2012-12-14 | 日々のニュース

 ビラを配っただけで逮捕! そんな事件がまたしても起きました(12月8日、東京都知事選の候補者宇都宮氏の支持者が法定ビラをポスティングしていた)。

 大阪市では公務員の政治活動を制限する条例が成立し、大阪府においても同種の条例案が上程されています。公務員に対する攻撃は公務員だけにとどまるものではなく、必ずや全ての市民に対する言論の圧殺につながります。

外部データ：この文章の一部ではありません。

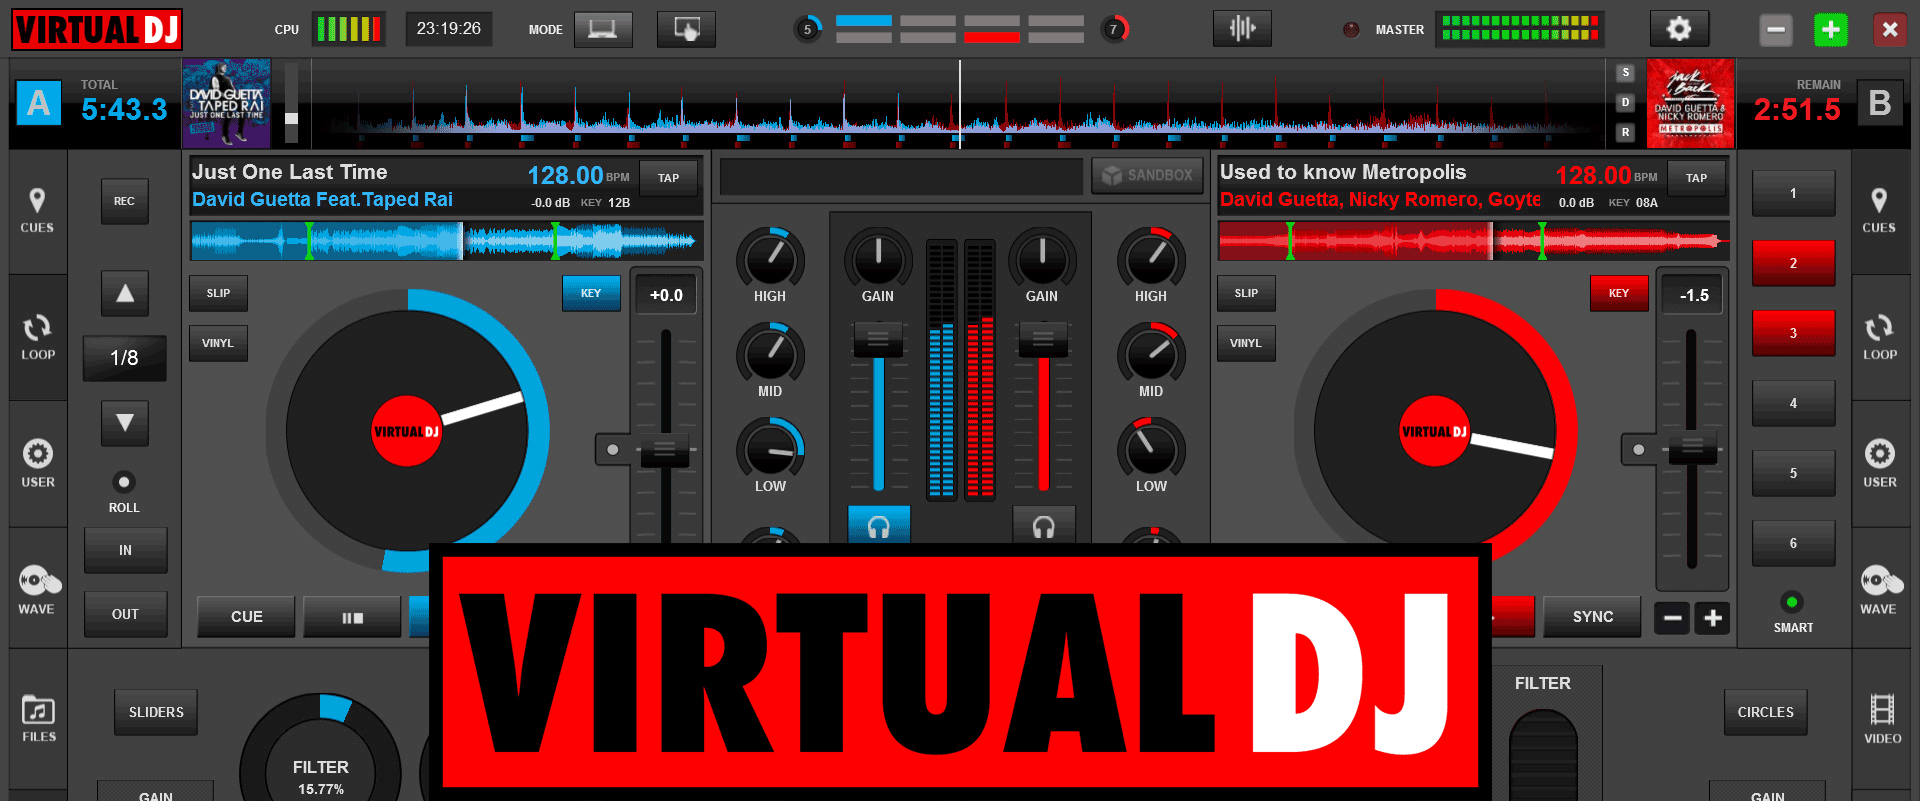 Virtual dj 10 free download

 そんなことがまかり通る昨今の風潮に歯止めをかける最高裁判決が出されました。

 2012年12月7日、休日に共産党機関紙「赤旗」を配ったとして、国家公務員法(政治的行為の制限)違反の罪に問われた2人の元国家公務員に対する上告審判決で、最高裁第2小法廷は、1人を無罪、1人を有罪としたそれぞれの二審判決を支持し、上告を棄却しました。これによってそれぞれの判決が確定しました。

 同小法廷は、国家公務員法の政治活動禁止の規定そのものについては合憲としながらも、刑罰を科す政治的行為を「政治的中立性を損なうおそれが実質的にある場合」に限定する初判断を示しました。(第762号が無罪判決、第957号が有罪判決)

平成22年(あ)第762号 国家公務員法違反被告事件 平成24年12月7日 第二小法廷判決

平成22年(あ)第957号 国家公務員法違反被告事件平成24年12月7日 第二小法廷判決

 

「国民は,憲法上,表現の自由(21条1項)としての政治活動の自由を保障されており,この精神的自由は立憲民主政の政治過程にとって不可欠の基本的人権であって,民主主義社会を基礎付ける重要な権利であることに鑑みると,上記の目的に基づく法令による公務員に対する政治的行為の禁止は,国民としての政治活動の自由に対する必要やむを得ない限度にその範囲が画されるべきものである。」

「同項(国家公務員法102条1項)にいう「政治的行為」とは,公務員の職務の遂行の政治的中立性を損なうおそれが,観念的なものにとどまらず,現実的に起こり得るものとして実質的に認められるものを指し,同項はそのような行為の類型の具体的な定めを人事院規則に委任したものと解するのが相当である。」

 政治活動で訴追された公務員の無罪が最高裁で確定するのは初めてで、これまで国家公務員の政治活動に関する事件の判例となっていた1974年の「猿払(さるふつ)事件」の最高裁判決を実質的に変更するものとなっています。(ただし、千葉勝美裁判官が補足意見として、猿払事件とは事例が異なるので、その判決とは矛盾・抵触するものではないとわざわざ述べていますが、それはこの判決の中途半端さを示すものです。)

*猿払事件についてはこの記事を参照
  憲法って、面白っ! 第31回「猿払(さるふつ)事件」――公務員に政治活動の自由は?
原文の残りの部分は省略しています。